Una sentenza della Corte di Appello di Salerno decreta il licenziamento della prima maestra con diploma magistrale. I giudici hanno deciso che una maestra di scuola elementare, quarant’anni, non ha più i requisiti per restare nelle graduatorie dei precari storici in cui era entrata nel 2015, con sentenza in primo grado favorevole emessa dal giudice del lavoro di Salerno. Quindi la maestra perde, insieme al diritto di restare in Gae, anche l’immissione in ruolo ottenuta l’1 settembre del 2017 dopo aver superato il primo anno di prova in una scuola elementare di Giffoni Valle Piana.
The headmaster of the school where the teacher works will be responsible for terminating his employment contract, the Education Authority said.
This is a case that has never happened before in Italy and that risks representing a worrying precedent for the over fifty thousand teachers with a teacher training diploma in the rest of the country who have been fighting since last December, that is, since the plenary session of the Council of State decided that the teacher training diploma dating back to the 2001-2002 school year is no longer valid for inclusion in the sliding rankings for the role. In Salerno, three hundred teachers are in the balance, twenty of whom are already in tenured positions. The Appeal ruling supports the Miur, which had appealed against the first-instance ruling of the labor judge issued on December 2, 2015 in favor of the teacher.

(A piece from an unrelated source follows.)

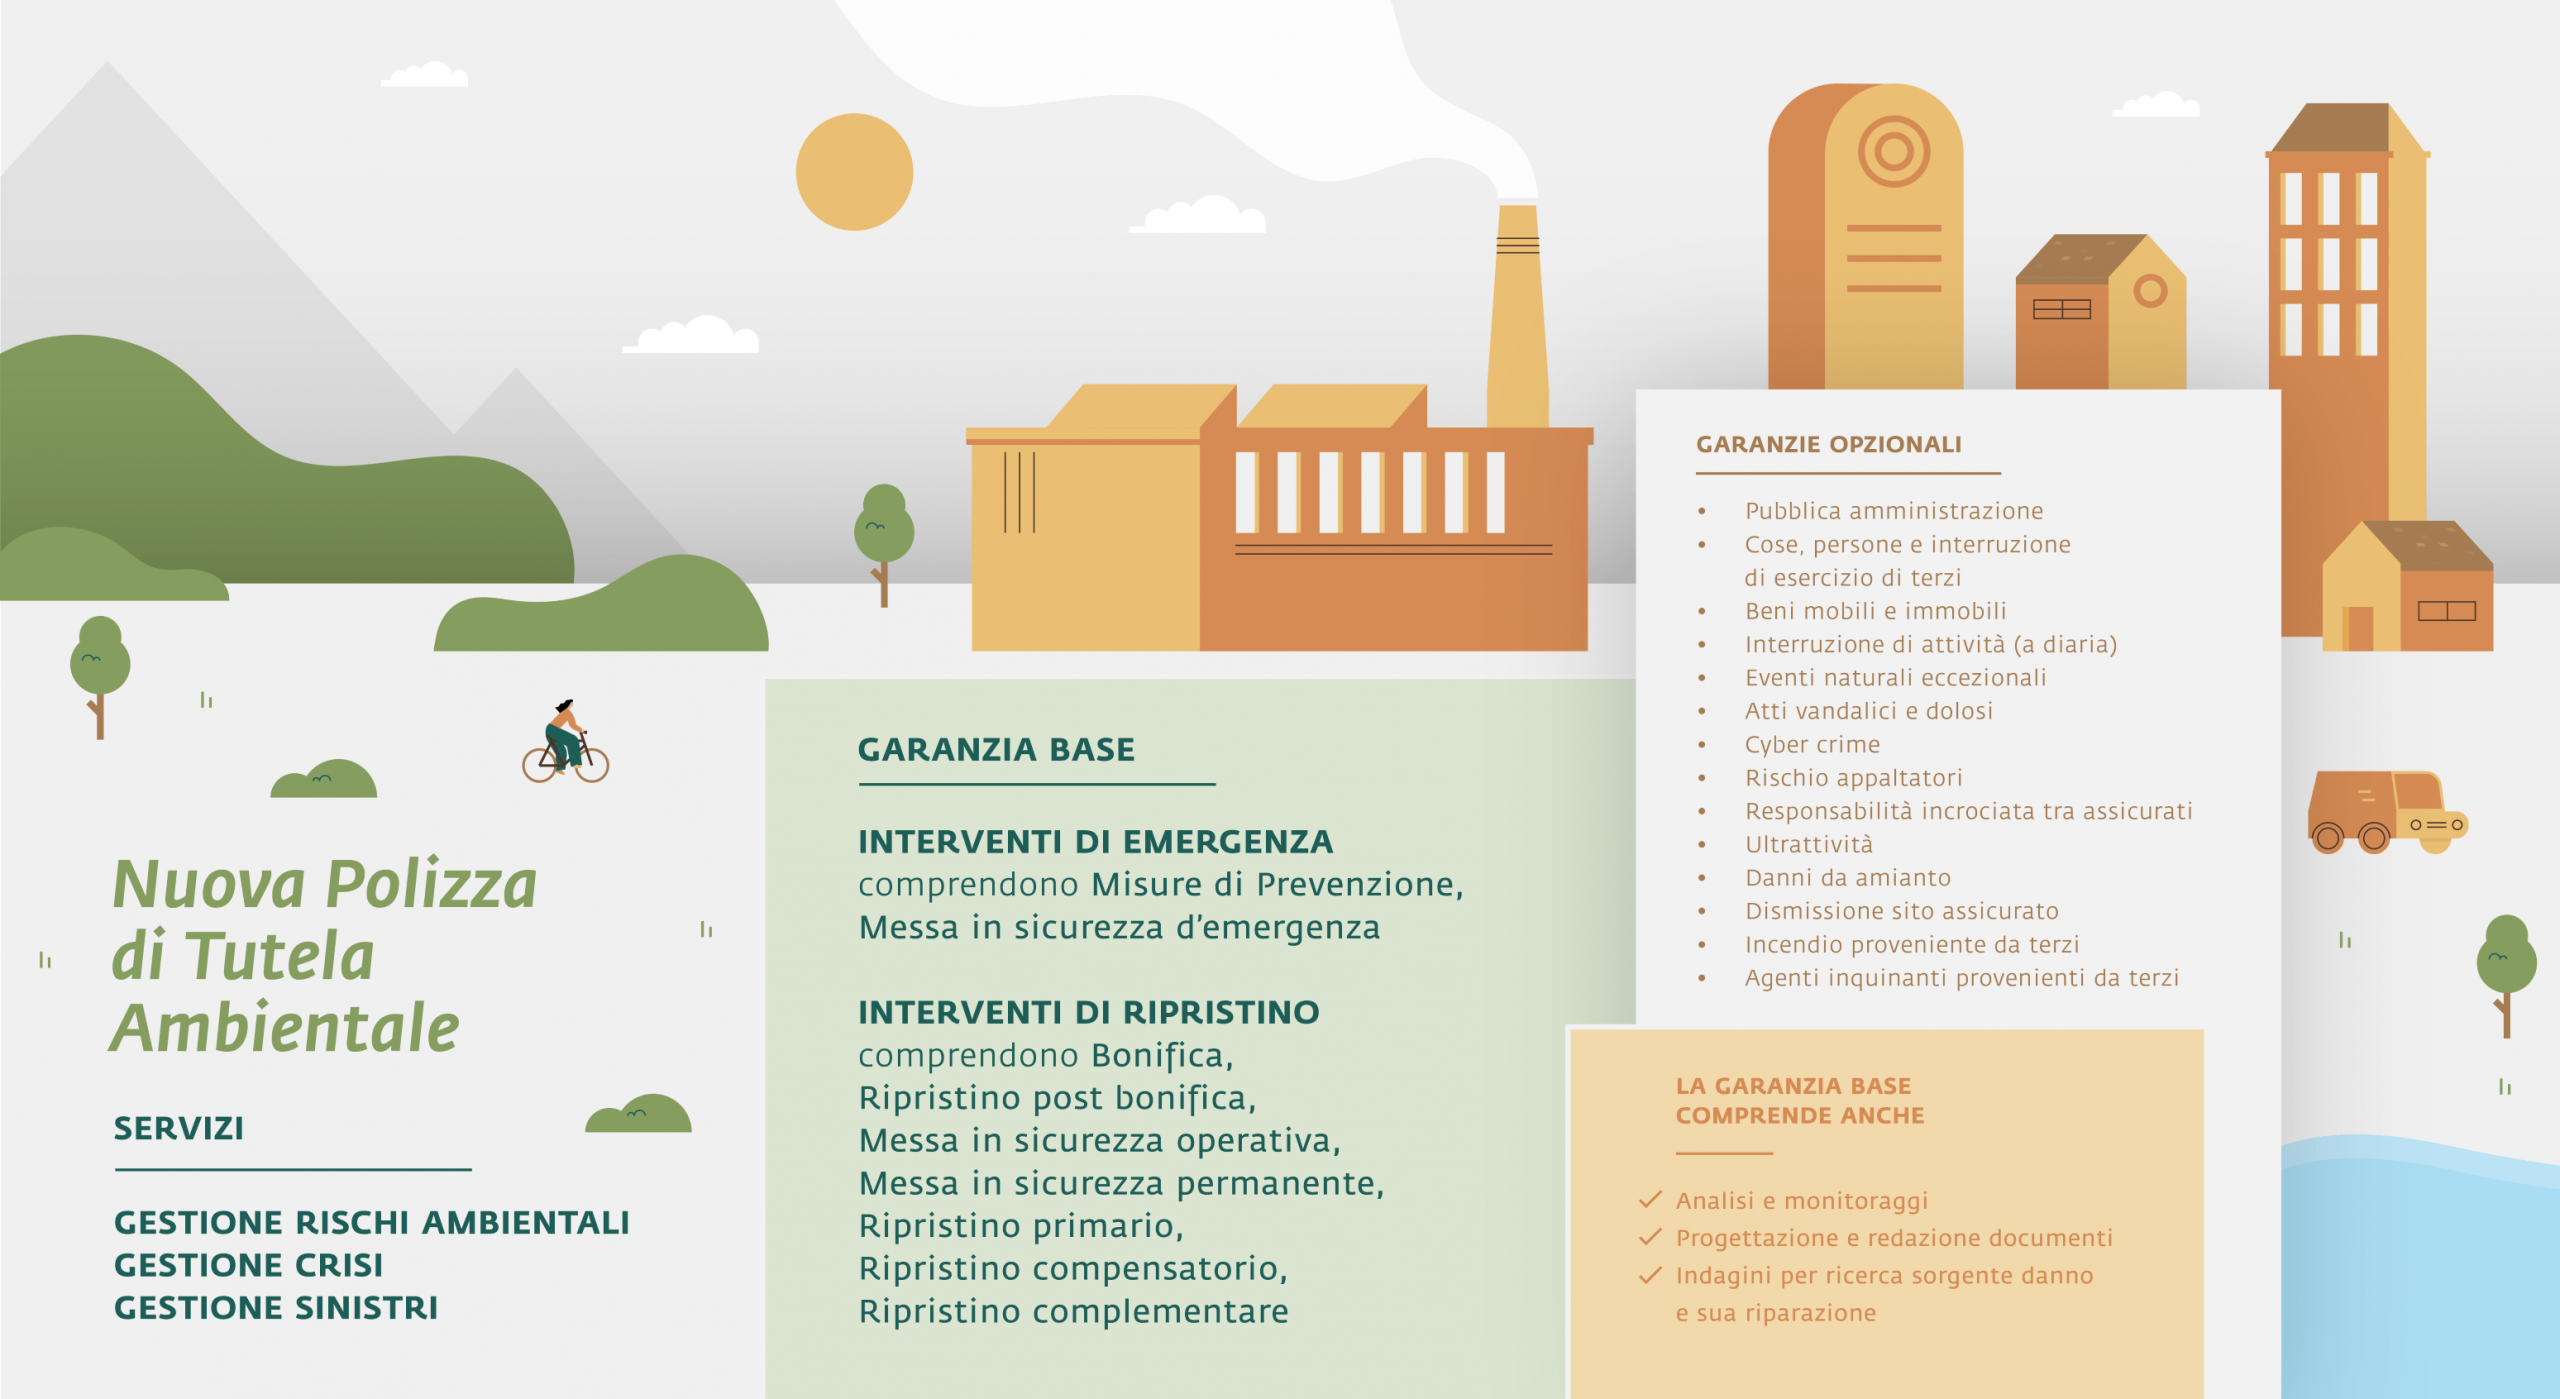 nuova-polizza-tutela-ambientale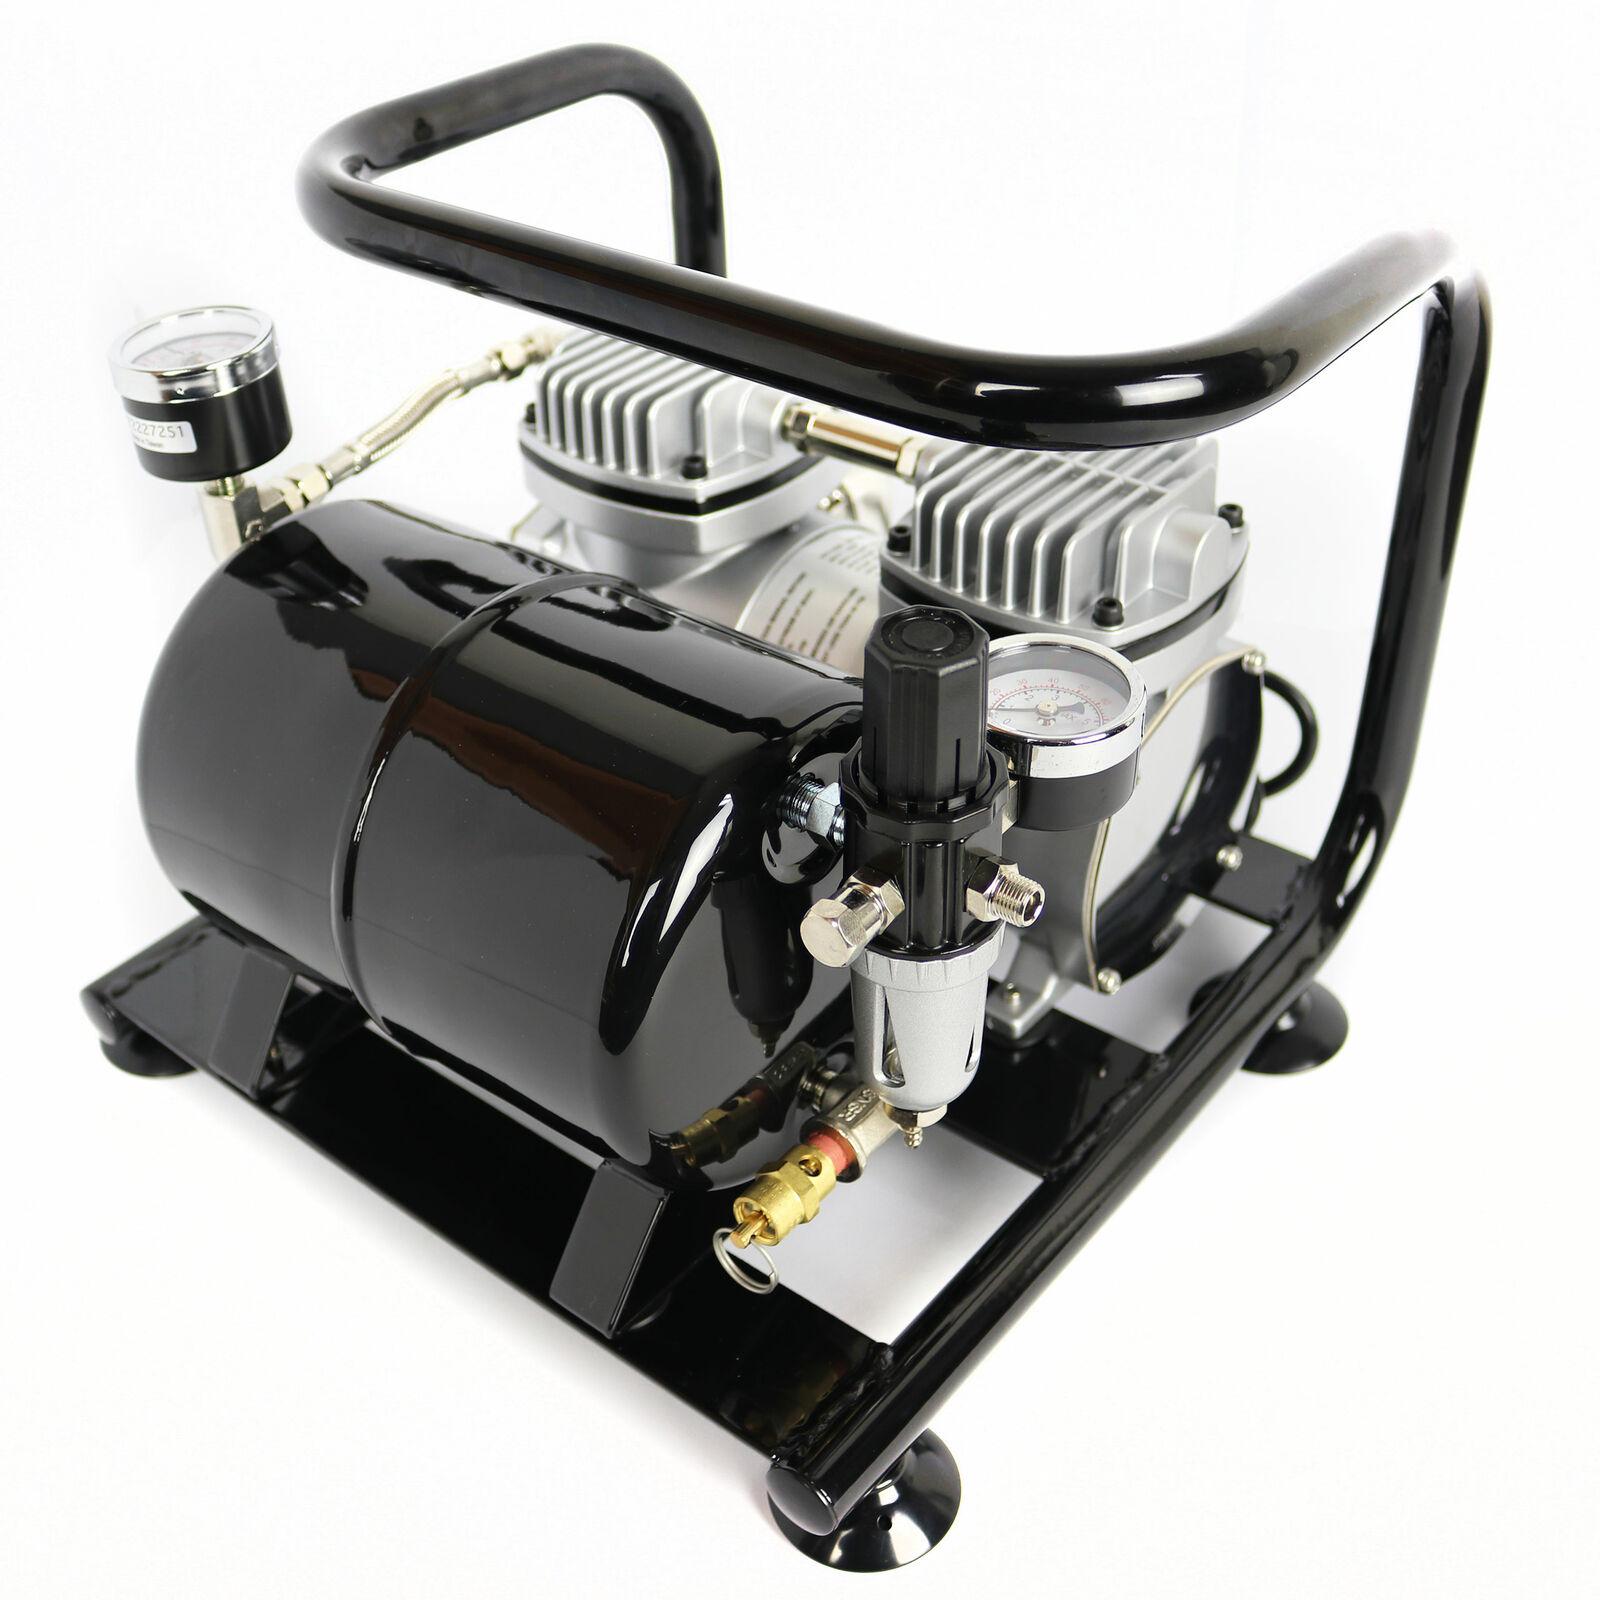 Kompressor Airbrush Sparmax AC-55 Black edition Druckluft Kompressoren

A demonstration is ready in Rome in front of the Ministry of Education. “This is a unique case in Italy,” denounces Vincenzo Pastore, general secretary of Cisl Scuola, a few hours after the government’s decision to freeze the positions of qualified teachers for 120 days, “we find ourselves having to deal with the first dismissal of a qualified teacher previously included in Gae as a result of a ruling by the labor judge. We need a regulatory intervention that will fix the situation forever without wasting any more time. Terrible scenarios are opening up,” denounces Pastore, “I see a serious disparity in treatment. There are those who have the role and those who are fired despite having the same qualification. This is not the way to go.”
“It’s the end of a dream, I feel lost,” the fired elementary school teacher vents. “I feel like I’ve been made fun of. I no longer have faith in justice,” the teacher told her lawyer Marta Borghese.